— Коханэ, коханэ (любимый — два раза. — М.Р.), — морщится она от сладкого слова, когда ей делают примочку под глаз.
2. Что у Домогарова нет комплекса артиста.
— Что это значит, Данута?
— Он нэма в собе почуча же ест лэпши от партнэра.
По-русски это примерно — не тянет одеяло на себя, не лезет вон из кожи, чтобы доказать, что он русский гений польской сцены. А также вспомнила, что самая смешная сцена была для нее та самая, сексуальная. Когда они с Сашкой валялись на полу и он по-польски спрашивал: «Если я тэго нэ зробе?», имея в виду убийство короля Дункана, а Данута прикалывала его невинным вопросом: «Цо нэ зробишь?» (что не сделаешь?)

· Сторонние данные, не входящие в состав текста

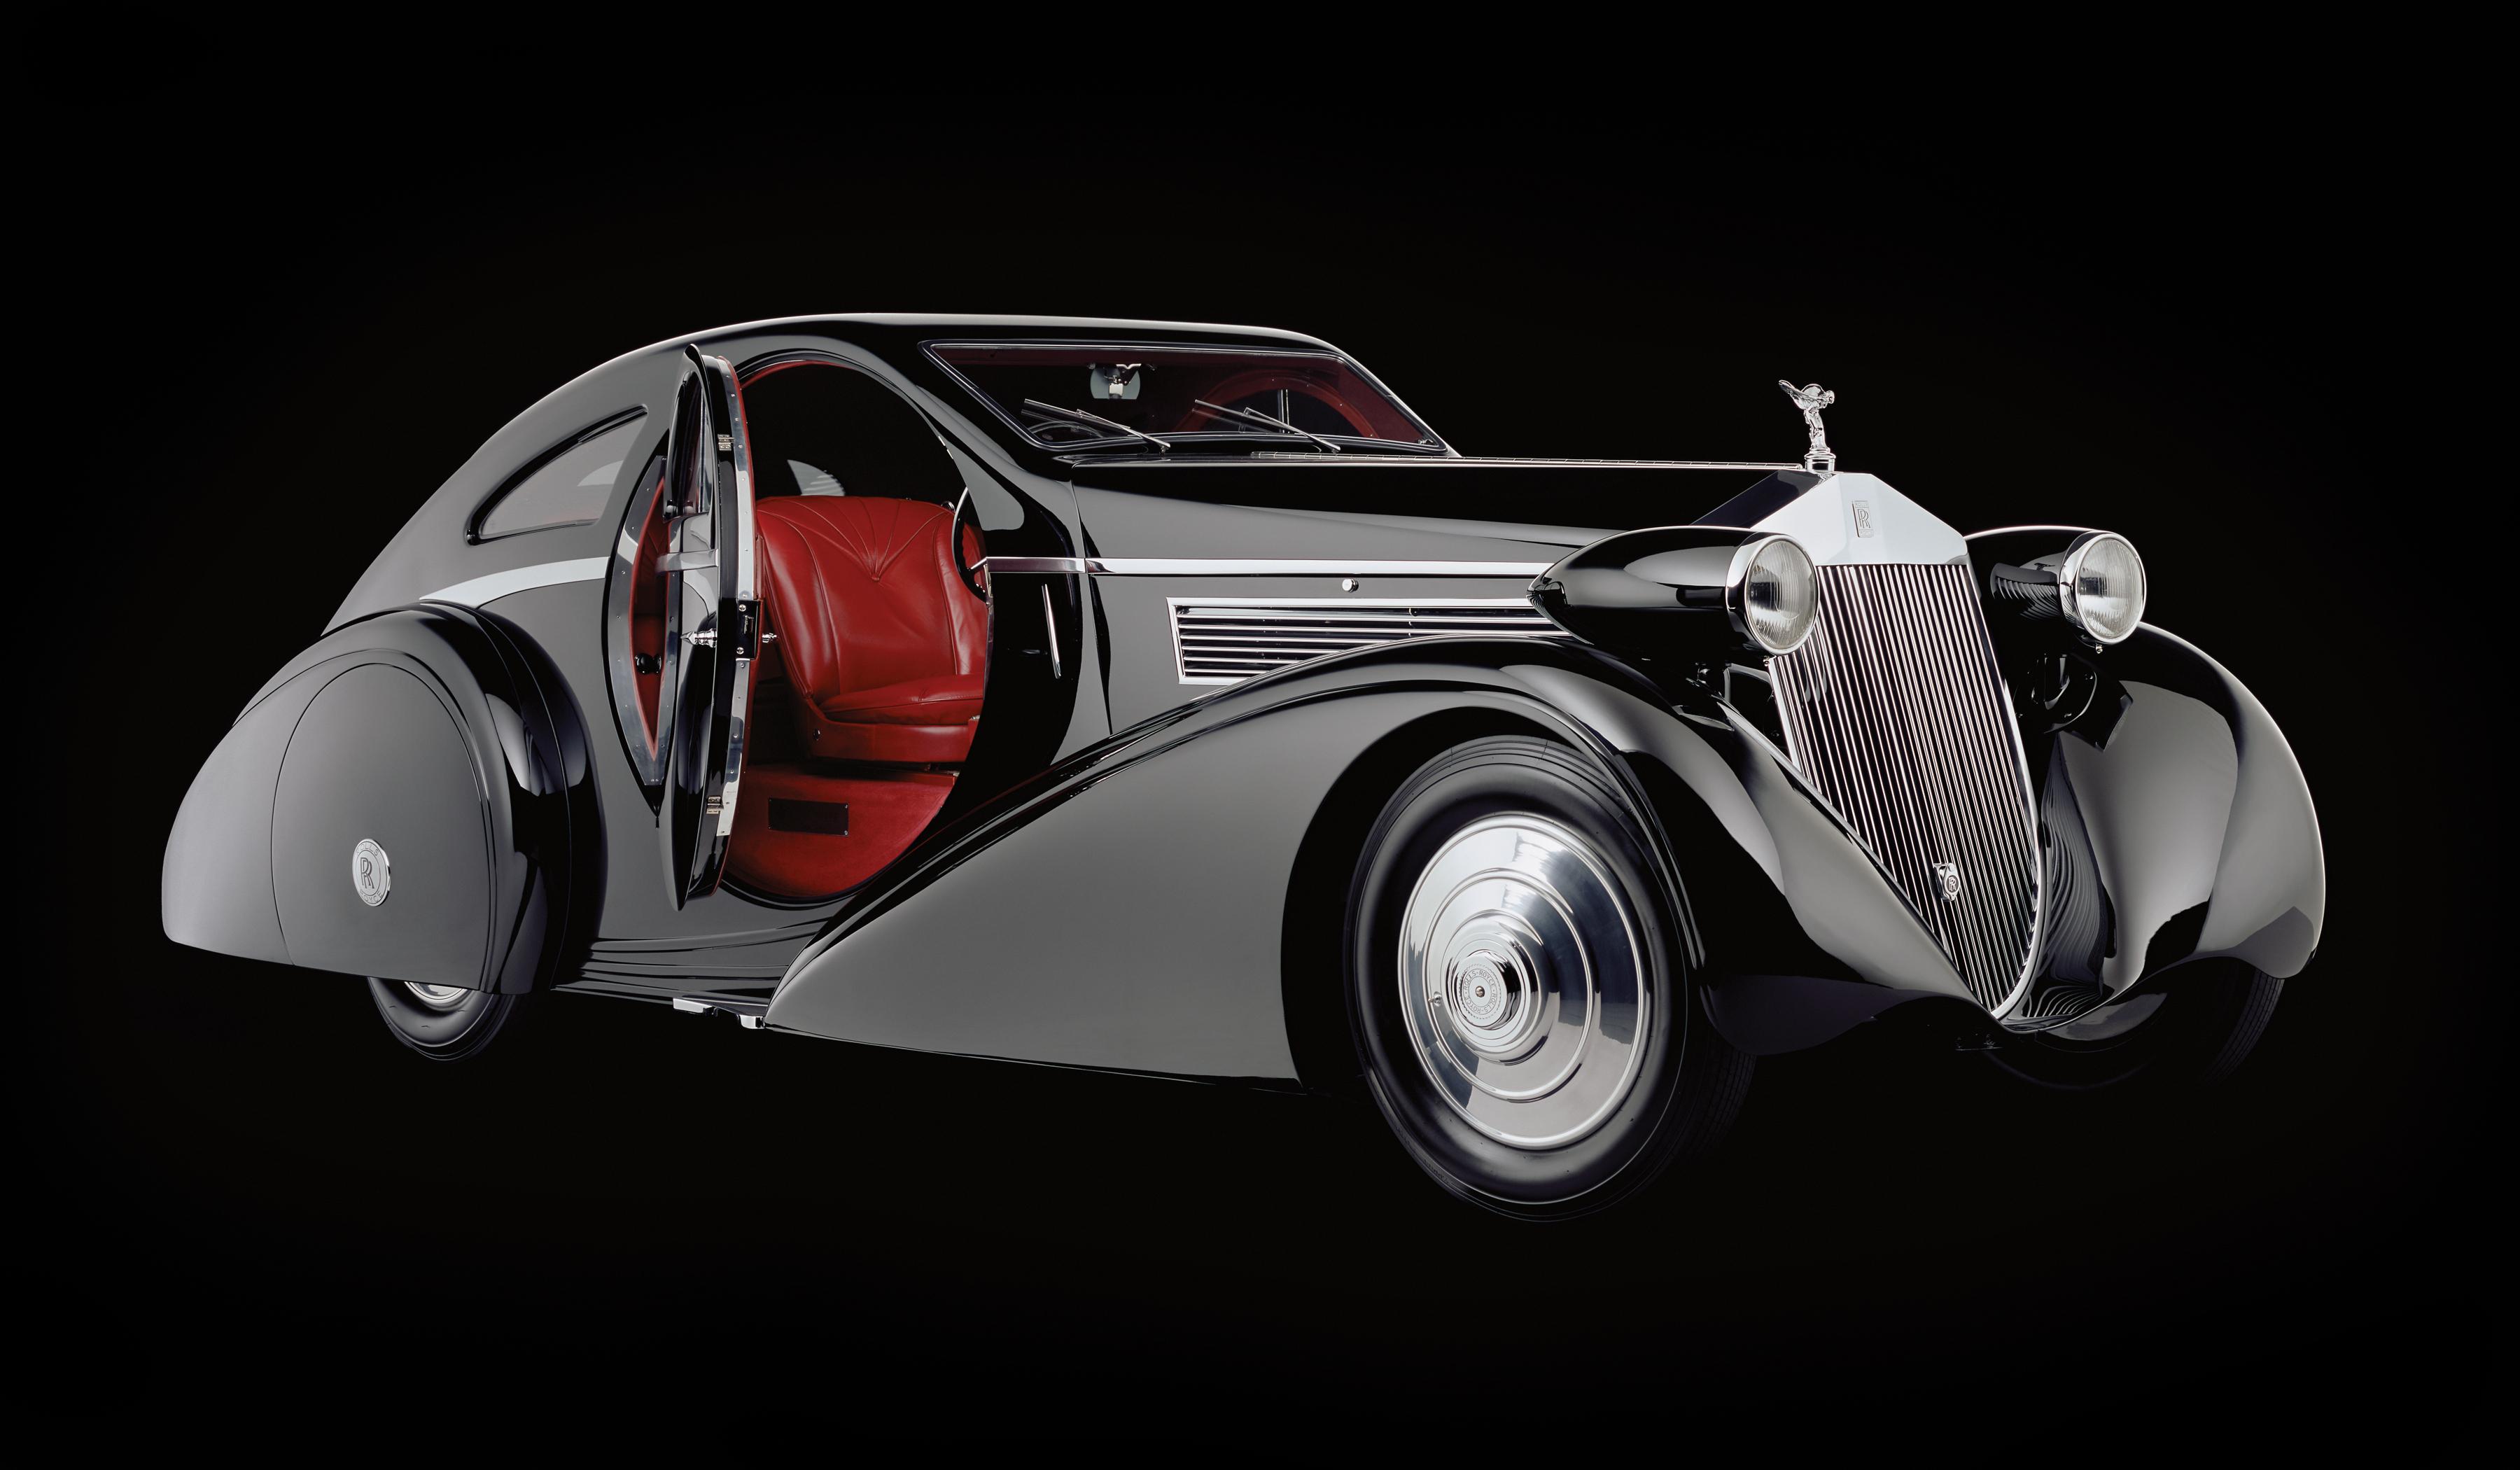 1925 Rolls-royce Phantom Backgrounds, Compatible - PC, Mobile, Gadgets| 3600x2100 px
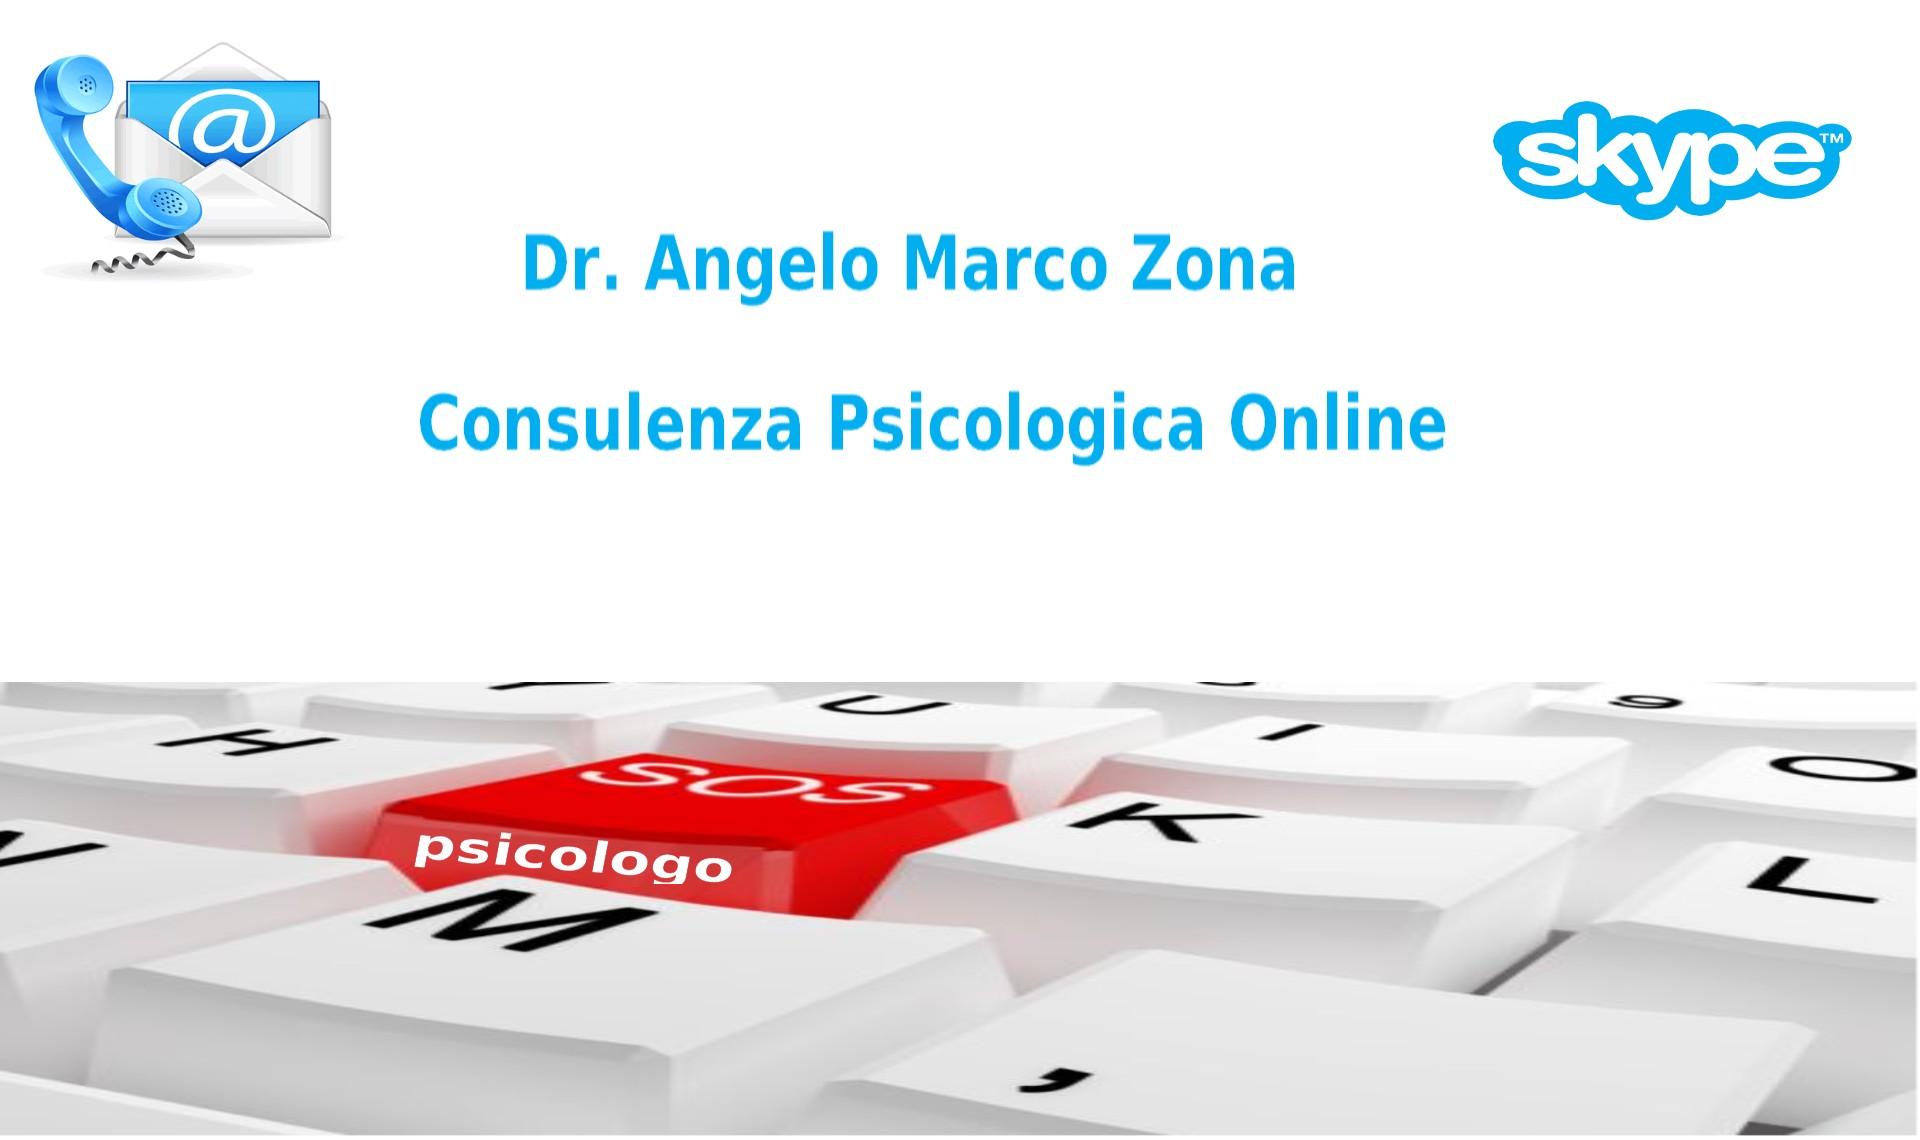 Consulenza Online Psicologo5

Она сожалеет, что не было возможности встречаться после репетиций. Актриса моталась в Краков поочередно из Варшавы, где много занята в театре и из Португалии, где снималась во французском фильме. На банкете по случаю «Макбета» Домогаров сказал, что Данутка — одна из немногих его партнерш, которой ему хотелось отдаться. На сцене, господа. На сцене.
VII
В мае Краков утопает в зелени, как южный город. Каштаны, сирень. Туристы толпами. Неизменный голубь какает на голову памятника поэта Мицкевича. Каждый час на Марьяцком костеле неизвестный трубач выводит свой хейнал на четыре части света. Так уж вышло, что Александр Домогаров вошел в соседнюю и более благополучную, чем Россия, Польшу с «Огнем и мечом». При этом ничего не разрушив за исключением множества женских сердец. Макбет добавил очков к его славе. На двенадцатый спектакль уже съезжались из других городов. Стояли по стенкам. Все-таки чертовски приятно, что наш победил, что могут не только мэтры и что русская театральная школа пока еще остается лучшей.
VIII
Даже в самые тяжелые времена социализма Польшу называли самым веселым бараком в социалистическом лагере. Похоже, с репутацией весельчаков вне лагеря поляки не собираются расставаться. Вот самый свежий анекдот из Кракова, который я услышала в ресторане еврейского квартала Казимеж. Каждый президент или премьер в России имел свою водку: была «Горбачевка», «Ельцинка», «Черномырдинка». Теперь вот появилась «Путинка». Вопрос — чем она отличается, ну скажем, от «Черномырдинки»? Ответ — то же самое, только без газу.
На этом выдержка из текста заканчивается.